Impression Prods. v. Lexmark Int’l is a Supreme Court case decided this term that played its part in continuing to reshape IP law in 2017. In the decision, the Supreme Court considered two questions. First, whether a “conditional sale” that transfers title to the patented item while specifying post-sale restrictions on the article’s use or resale avoids application of the patent exhaustion doctrine and therefore permits the enforcement of such post-sale restrictions through the patent law’s infringement remedy.  And second, whether patent exhaustion applies to sales that occur outside the United States in light of the court’s holding in Kirtsaeng v. John Wiley & Sons Inc. On the second question, SCOTUS held that a sale of a patented product exhausts all rights both domestic and international in the product. Overturning Federal Circuit case law holding that post-sale restrictions and foreign sales preserve a U.S. patent-holder’s right to sue for infringement. This decision will likely have several implications in IP law.
Background of the case
Facts :
The case arose over the resale of laser printer toner cartridges, sold by Lexmark both in the U.S. and abroad.  Lexmark International, Inc. designs, manufactures,  and sells toner cartridges to consumers in the United States and abroad. It owns a number of patents that cover components of those cartridges and the manner in which they are used. Lexmark presents the consumer with two options when they purchase toner cartridges. Either buy a toner cartridge at full price with no restrictions or buy a cartridge at a discount through Lexmark’s “Return Program”. Those who purchase through the “Return Program” are required to sign a contract agreeing to use the cartridge only once and refrain from transferring the cartridge to any third party for reloading.

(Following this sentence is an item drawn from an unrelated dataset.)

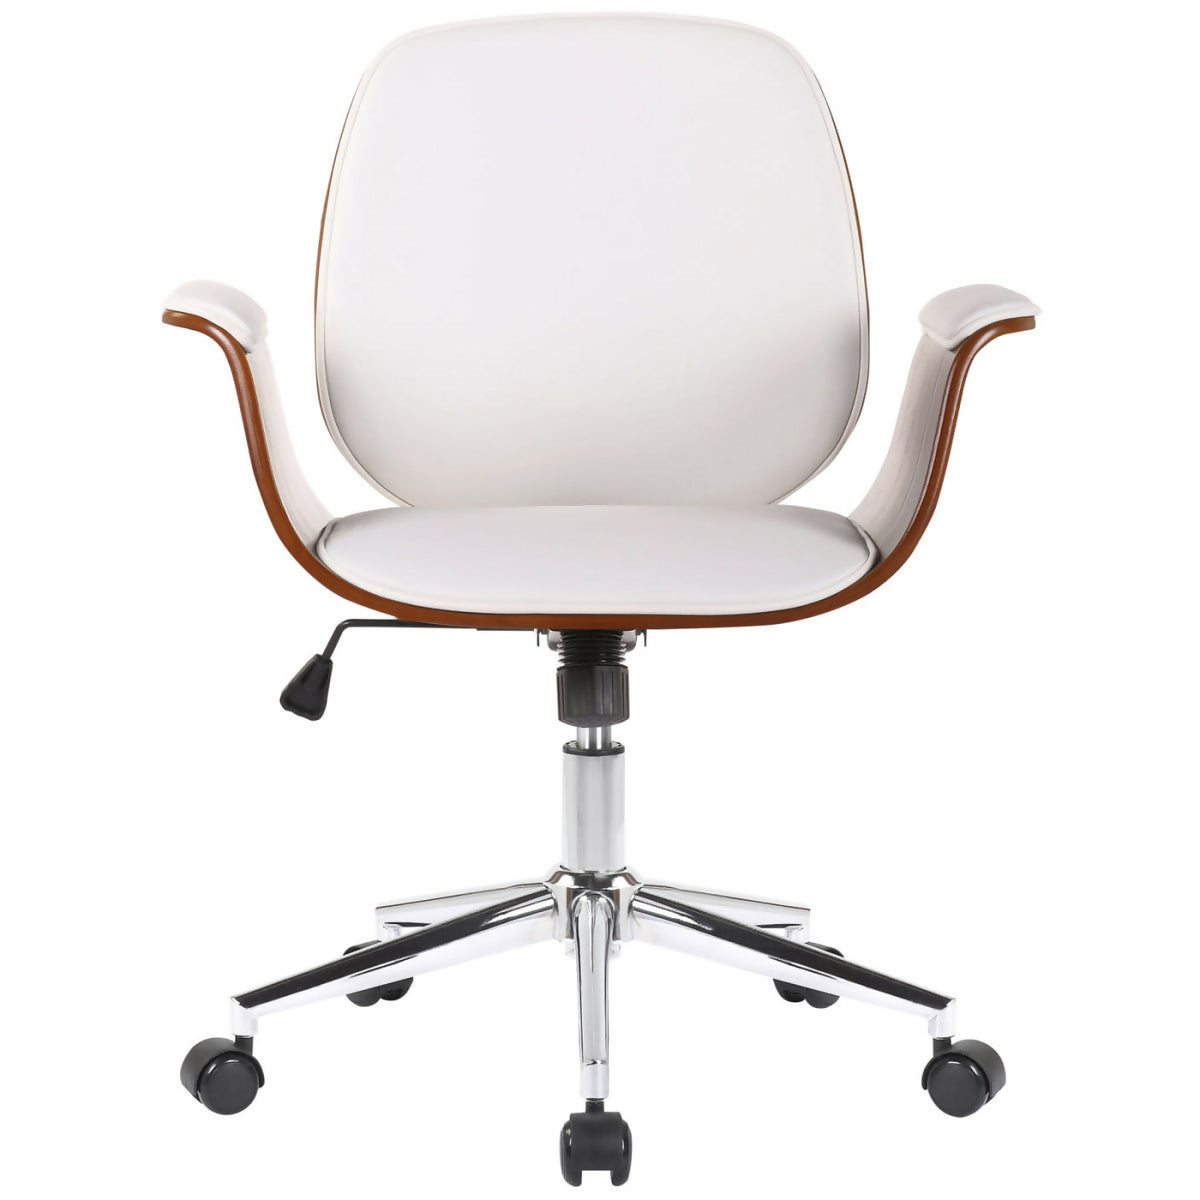 Kemberg office armchair - Walnut - White

Lexmark accused Impression Products of reloading and selling Lexmark cartridges obtained through the “Return Program” both foreign and domestic.  The District Court dismissed Lexmark’s infringement suit as to U.S. sales but permitted pursuit of a patent infringement remedy for foreign sales; the Federal Circuit affirmed as to foreign sales but also permitted Lexmark’s infringement case to proceed for U.S. sales as well.
Issue Presented:
Ultimately, the issue before the United States Supreme Court was whether, by selling cartridges domestically and abroad, Lexmark had exhausted its patent rights leaving Impression Products free to refurbish and resell them.
The court also considered whether a “conditional sale” that transfers title with post-sale restrictions on the use or resale of the item avoids the patent exhaustion doctrine and therefore permit the enforcement of the post-sale restrictions by suing for infringement?
The Supreme Court held that Lexmark exhausted its patent rights in the Return Program cartridges that it sold in the United States. A patentee’s decision to sell a product exhausts all of its patent rights in that item, regardless of any contractual restrictions the patentee imposes. As a result, even if the restrictions in Lexmark’s contracts with its customers were clear  and enforceable under contract law, they do not entitle Lexmark to  retain patent rights in an item that it has elected to sell. The court also held that an authorized sale outside the United States, also exhausts all rights under the Patent Act.
The implications for patent owners particularly those who sell patented products in foreign markets can be considerable.  According to IP Watchdog, the decision may result in “patent owners seeking to raise prices for goods sold abroad, but for price regulated products such as pharmaceuticals it may not be so easy to do.  Thus, patent owners may need to further rely on regulatory authorities to impose restrictions on products regulated by the FDA or other regulatory bodies to prevent importation of patented goods purchased at lower prices in foreign markets.”
Bob Stoll, Partner at Drinker Biddle asserts that this decision will encourage powerful foreign groups to gather products up and send them back to the US to get the higher prices. Or, companies will not be able to lower prices and sell their products in those countries. Both the poor in other countries, who benefit from life saving drugs, and the innovators in the US will suffer.
At the same time, this ruling can be seen as a win for consumers.  Possibly increasing and strengthening individuals rights to use and repair things, that one believes they already own, as they see fit.  According to Public Knowledge. “Corporate restrictions on how products are used and resold are costly and onerous for consumers,” and “The decision today largely puts a stop to that practice, at least with respect to patent law.”
Ngwika Crystal Fomba is a J.D. candidate, 2019, at NYU School of Law.